Readmission, death common among COVID-19 patients discharged from hospital

08 Apr 2021 byStephen Padilla
Readmission, death common among COVID-19 patients discharged from hospital

Incidence of multiorgan dysfunction is higher among individuals discharged from hospital after COVID-19 than among those in the general population, and this relative risk increase is not confined to the elderly and not uniform across ethnicities, a study has found.

“The diagnosis, treatment, and prevention of post-COVID syndrome requires integrated rather than organ- or disease-specific approaches, and urgent research is needed to establish the risk factors,” the researchers said.

A total of 47,780 individuals (mean age 65 years, 55 percent men) with COVID-19 and discharged alive by 31 August 2020 were included in this retrospective cohort study and were matched to controls from a pool of about 50 million people in England for personal and clinical characteristics from 10 years of electronic health records.

The researchers then measured the rates of hospital readmission (or any admission for controls), all-cause mortality, and diagnoses of respiratory, cardiovascular, metabolic, kidney, and liver diseases until 31 September 2020. They also assessed variations in rate ratios by age, sex, and ethnicity.

Of the participants who were discharged after acute COVID-19, 14,060 were readmitted and 5,875 died after discharge over a mean follow-up of 140 days, with events occurring at rates four and eight times greater, respectively, than in matched controls. [BMJ 2021;372:n693]

Patients with COVID-19 also had higher rates of respiratory disease (p<0.001), diabetes (p<0.001), and cardiovascular disease (p<0.001), with 770 (95 percent confidence interval [CI], 758–783), 127 (95 percent CI, 122–132), and 126 (95 percent CI, 121–131) diagnoses per 1,000 person-years, respectively.

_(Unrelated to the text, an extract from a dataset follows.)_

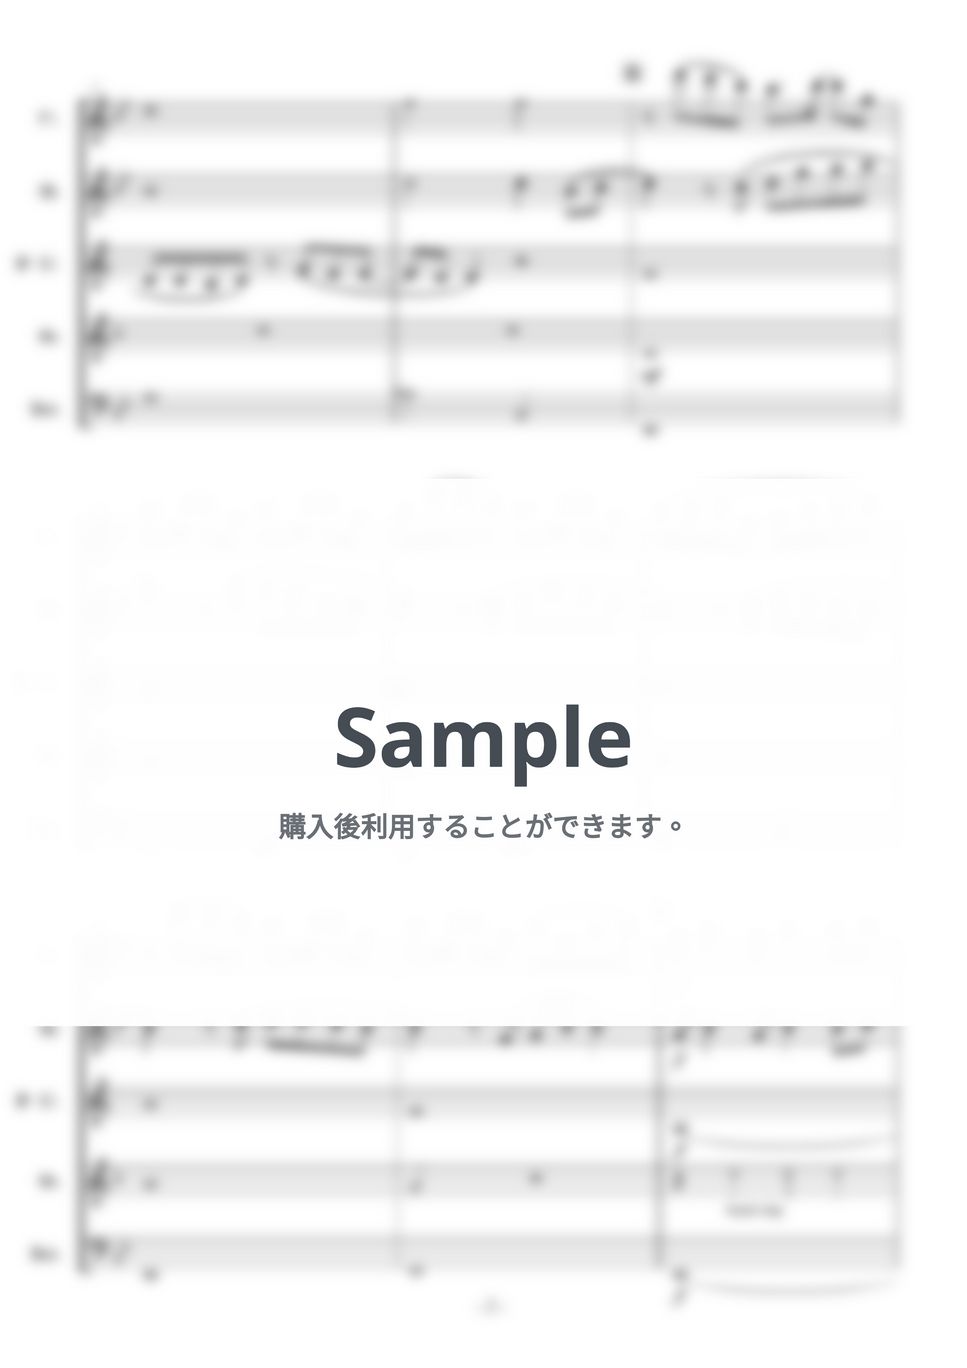 ayase - 群青【木管五重奏】 (スコア+パート譜) by いたちの楽譜屋さん
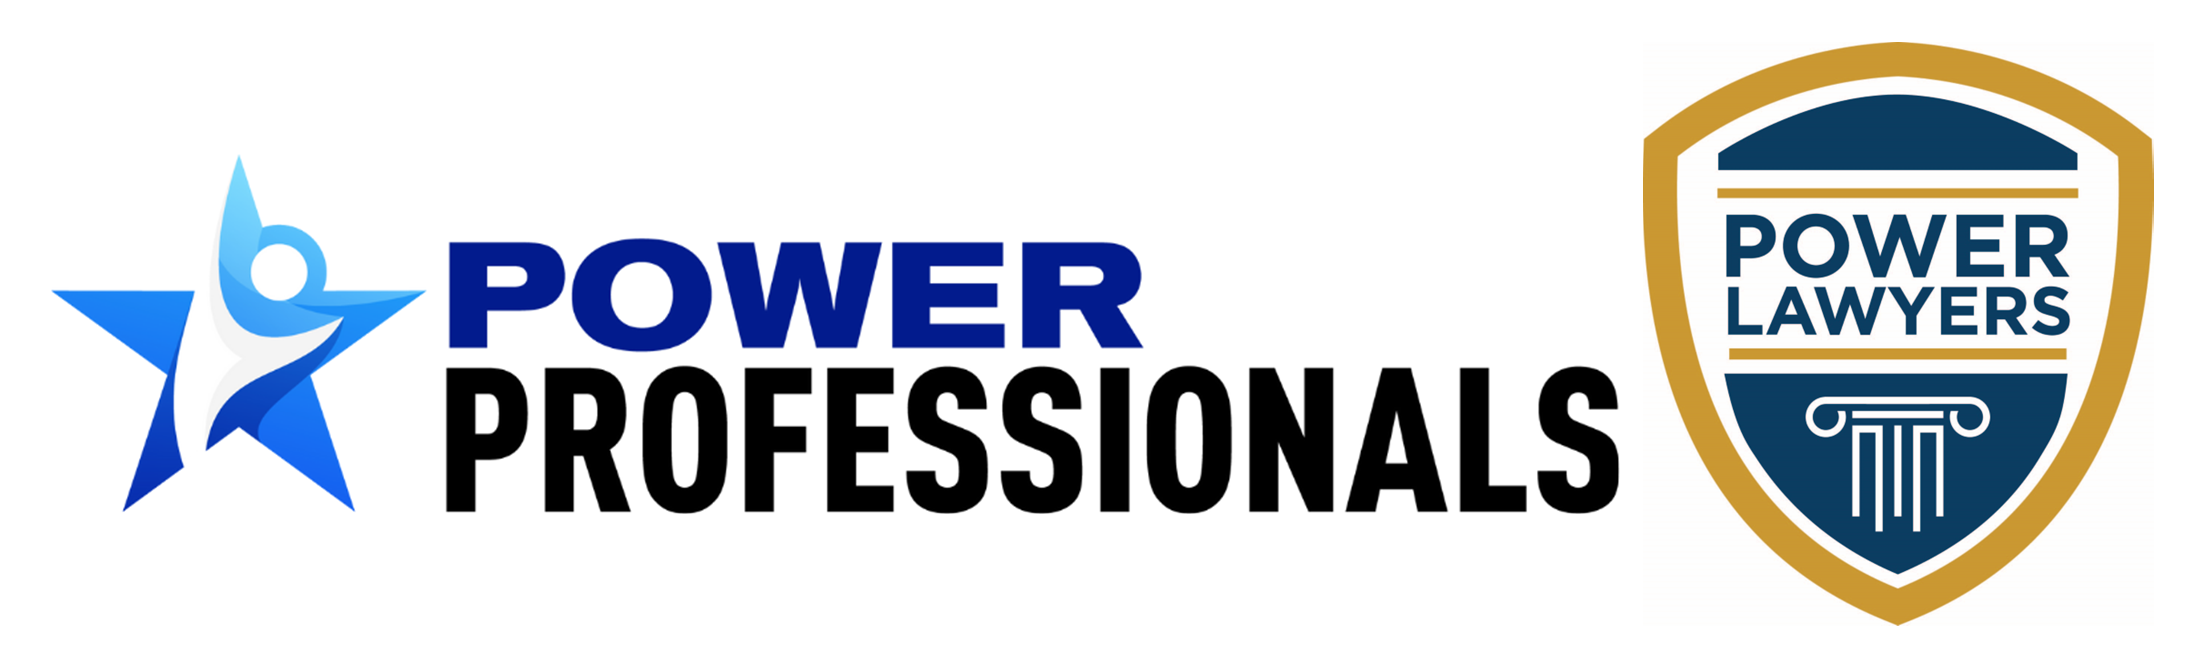 Power Professionals Power Lawyers Logo

Rate ratios (RR) were higher for individuals aged <70 years than for those aged 70 years, as well as in ethnic minority groups than in the white population, with the largest differences observed for respiratory disease (<70 years: RR, 10.5, 95 percent CI, 9.7–11.4 vs ≥70 years: RR, 4.6, 95 percent CI, 4.3–4.8; nonwhite: RR, 11.4, 95 percent CI, 9.8–13.3 vs white: RR, 5.2, 95 percent CI, 5.0–5.5).

“Our results are consistent with proposed biological mechanisms associated with respiratory, cardiovascular, metabolic, renal, and hepatic involvement in COVID-19,” the researchers said. [BMJ 2020;370:m3001; J Thromb Thrombolysis 2020;50:512-524; N Engl J Med 2020;383:789-790; United European Gastroenterol J 2020;8:509-519; J Nephrol 2020;33:1213-1218]

A recent US study of 1,775 veterans with COVID-19 admitted to hospital reported that 20 percent were readmitted and 9 percent died within 60 days of discharge. The present study restricted follow-up to the same length of time and found similar prevalence rates of 23 percent and 9 percent, respectively. [JAMA 2021;325:304-306]

“The US study did not analyse organ-specific endpoints and was conducted in a specific population. Our study extends these findings as we found that COVID-19 was associated with dysfunction in a range of organs after discharge in a broader population of patients admitted to hospital,” the researchers said.

“Urgent research is needed to understand the risk factors for post-COVID syndrome so that treatment can be targeted better to demographically and clinically at-risk populations,” they noted.